L’inflazione annuale nella zona euro è aumentata per il terzo mese consecutivo, raggiungendo il 2,4% a dicembre, ha comunicato Eurostat. Un dato preliminare in linea con le previsioni degli economisti. L’inflazione di base si è attestata invece al 2,7% per il quarto mese consecutivo, mentre l’inflazione dei servizi è cresciuta al 4% dal 3,9%. Ma “questo non impedirà alla Bce di tagliare ulteriormente i tassi di interesse”, ha affermato Jack Allen-Reynolds, vice capo economista della zona euro presso Capital Economics, intervistato dalla Cnbc. “L’alto livello di inflazione dei servizi è dovuto in parte a effetti temporanei che dovrebbero svanire quest’anno”.
Diverso il discorso in Italia. Secondo le stime preliminari dell’Istat, l’inflazione in Italia si conferma stabile con un incremento mensile dello 0,1% e un aumento annuo dell’1,3%, in linea con i dati di novembre. Tuttavia, sebbene l’inflazione resti contenuta rispetto ai tassi elevati del 2023, i dati mostrano segnali di persistenza in alcuni settori, in particolare nei beni alimentari. Nel corso del 2024, l’inflazione ha comunque registrato un forte rallentamento scendendo al +1% dal +5,7% del 2023. Questa frenata è stata in gran parte il risultato di una significativa discesa dei prezzi dell’energia, -10,1%, rispetto a un +1,2% nell’anno precedente. La dinamica dei prezzi alimentari è invece rimasta ancora sostenuta, con un incremento del 2,3% rispetto al +9,8% del 2023.
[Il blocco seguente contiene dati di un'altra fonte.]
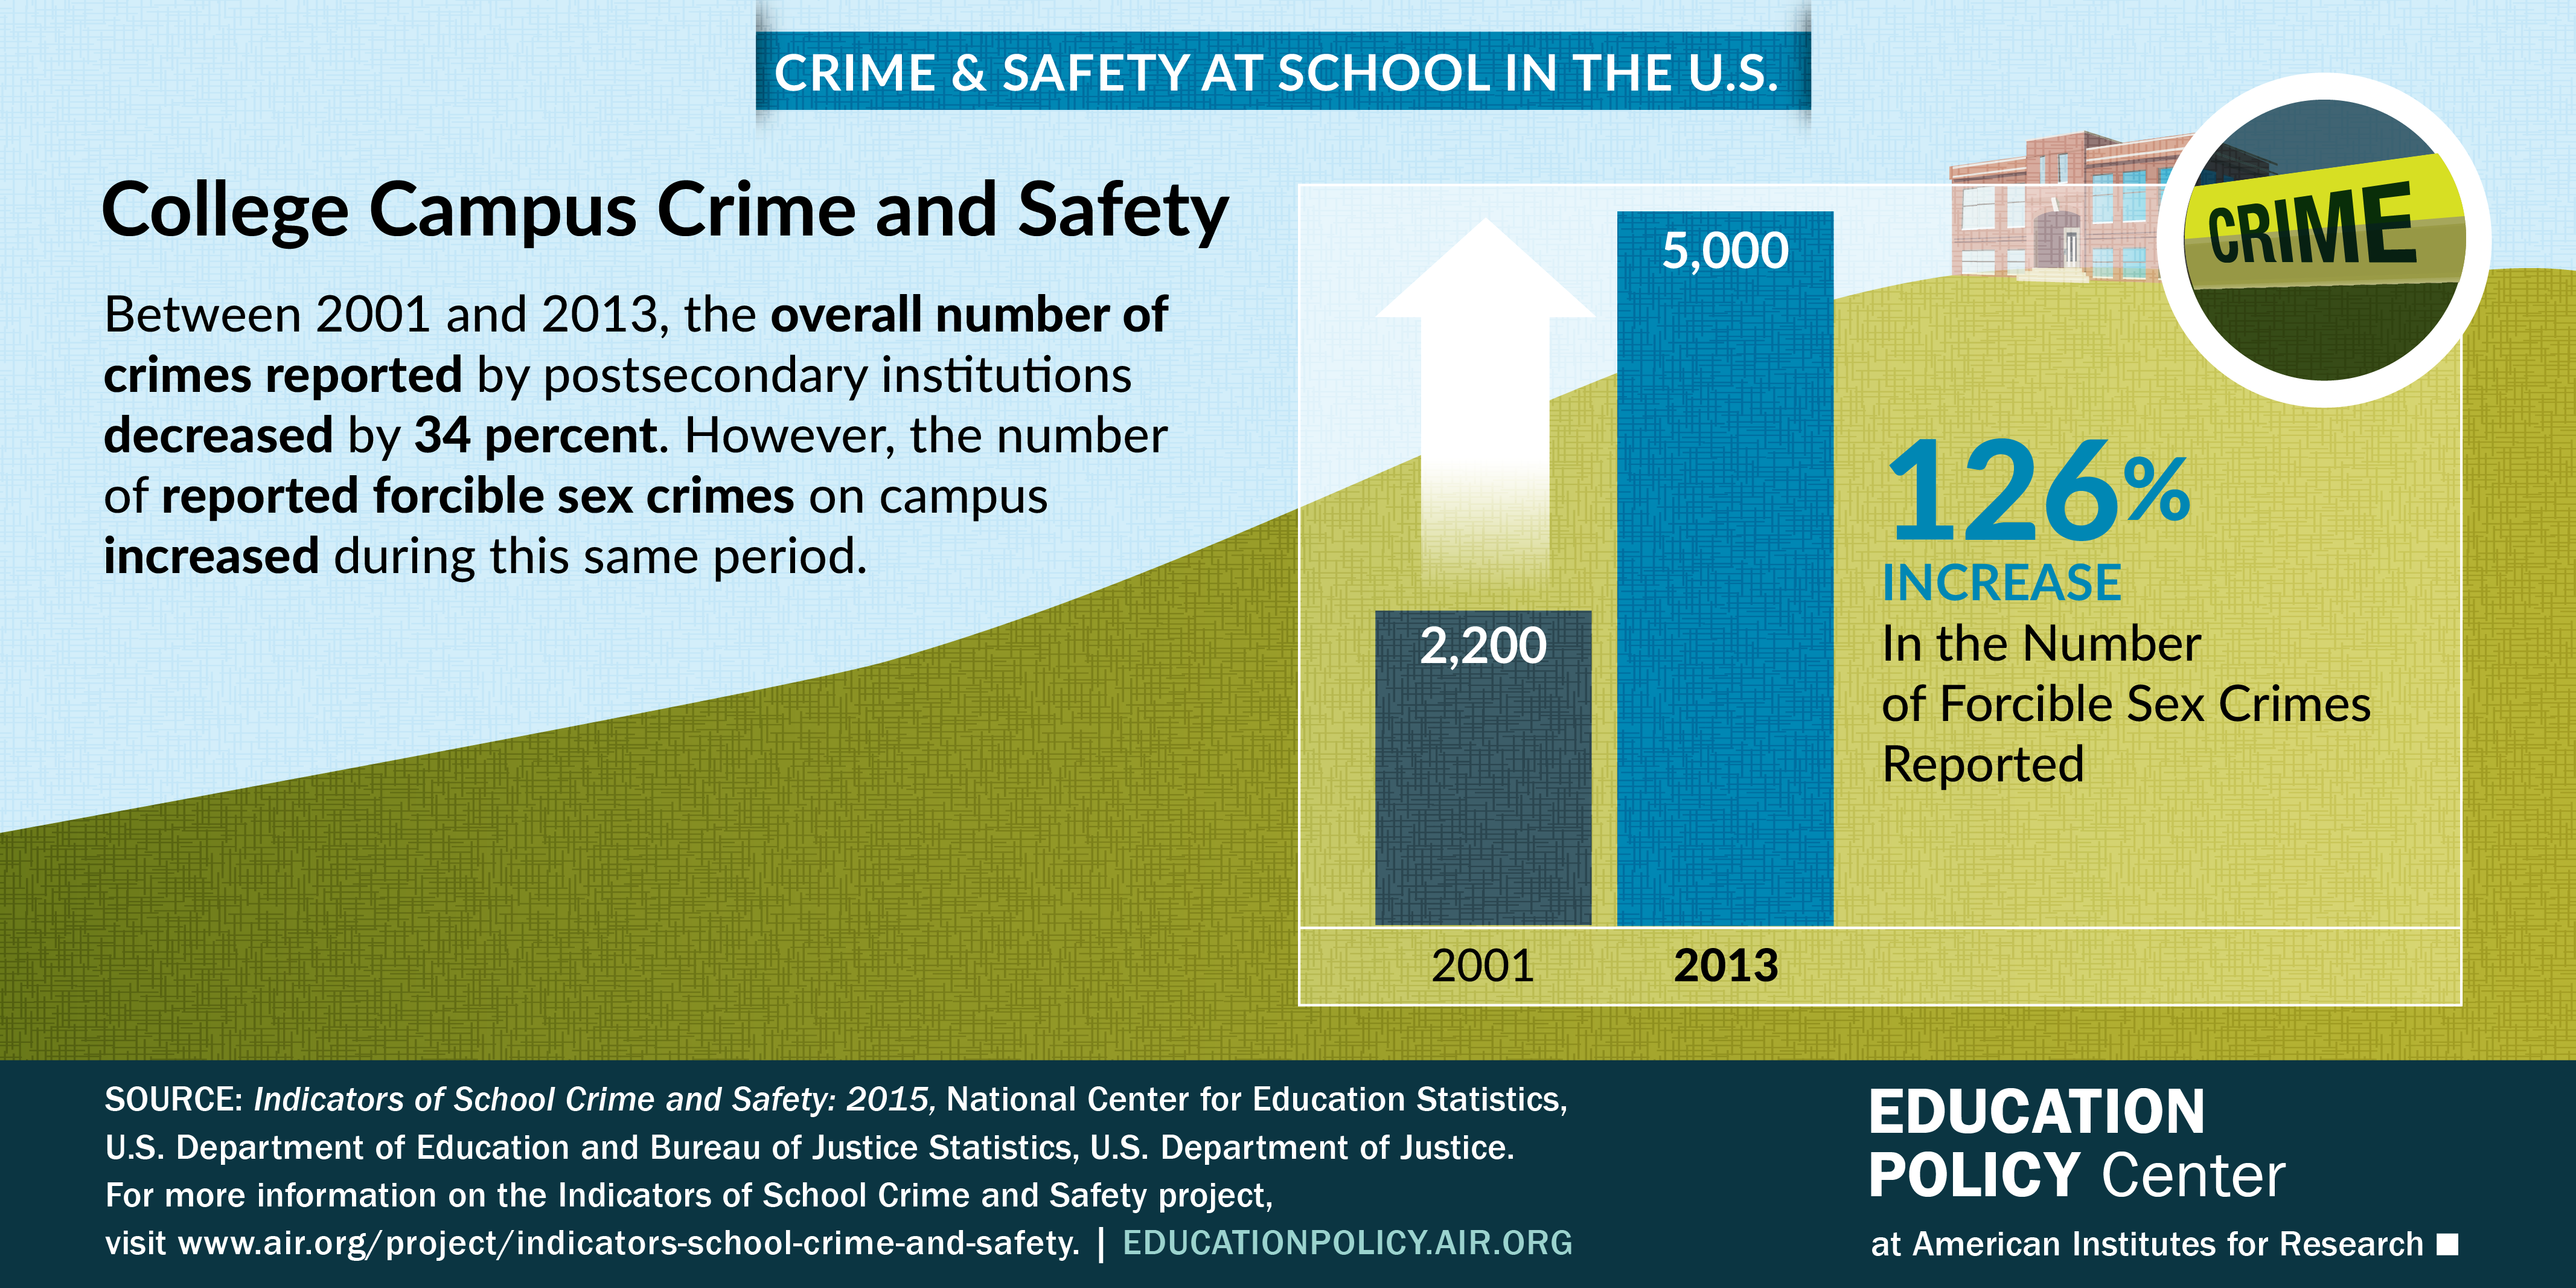 Infographic shows the overall number of crimes reported by postsecondary institutions decreased by 34% between 2001 and 2013. However, the number of reported forcible sex crimes on campus increased during this same period.

Nel dettaglio, l’inflazione di fondo (cioè quella al netto dei beni energetici e alimentari freschi) ha registrato un +2%, in frenata rispetto al 5,1% dell’anno precedente. Questo dato indica una certa stabilità, ma riflette anche andamenti contrastanti nei vari settori. I prezzi degli alimentari non lavorati, ad esempio, hanno rallentato la loro crescita, passando dal +3,8% al +2,5%, mentre i beni durevoli hanno visto una flessione più marcata, passando da -1,3% a -1,9%. Tuttavia, non si può ignorare che, nel comparto alimentare, i prezzi dei prodotti di consumo quotidiano sono aumentati considerevolmente. Ad esempio, nel mese di dicembre, il burro è aumentato del 20% rispetto all’anno precedente, mentre il cioccolato è salito del 9% e il caffè ha visto un incremento del 14,9%.
Anche il comparto energetico ha registrato dinamiche contrastanti. Scrive l’Istat: “I prezzi dell’energia elettrica nel mercato libero” rallentano il calo “da -13,2% a -12,0% con +0,4% da novembre. Al contrario, i prezzi del gas di città e gas naturale mercato libero accentuano la loro flessione (da -2,5% a -3,1%; -0,1% su base mensile)“, si legge nella nota diffusa da Istat. “Per quanto concerne la componente regolamentata, l’accelerazione tendenziale dei prezzi (da +7,4% a +11,9%; +0,8% sul mese) è essenzialmente influenzata dal rilevante aumento del ritmo di crescita a perimetro annuo del gas di città e gas naturale mercato tutelato (da +18,9% a +28,8%; +1,3% l’aumento mensile). I prezzi dell’Energia elettrica mercato tutelato, invece, continuano a rimanere stabili (a -7,8%; nullo il congiunturale)“, sottolinea l’istituto di statistica.
L’aumento dei prezzi energetici, sebbene contenuto rispetto ai picchi del 2022, potrebbe comunque avere impatti significativi sull’inflazione del 2025. Secondo le stime di Confesercenti, se i prezzi dei beni energetici dovessero risalire, l’inflazione potrebbe salire al +2,2% nel 2025. Una prospettiva che solleva preoccupazioni per le famiglie, le quali potrebbero trovarsi a dover affrontare ulteriori aumenti dei costi senza poterli compensare adeguatamente attraverso i rinnovi contrattuali. E le imprese, in particolare quelle che dipendono dal mercato interno, potrebbero anch’esse risentire di questi incrementi, con ripercussioni sulla spesa.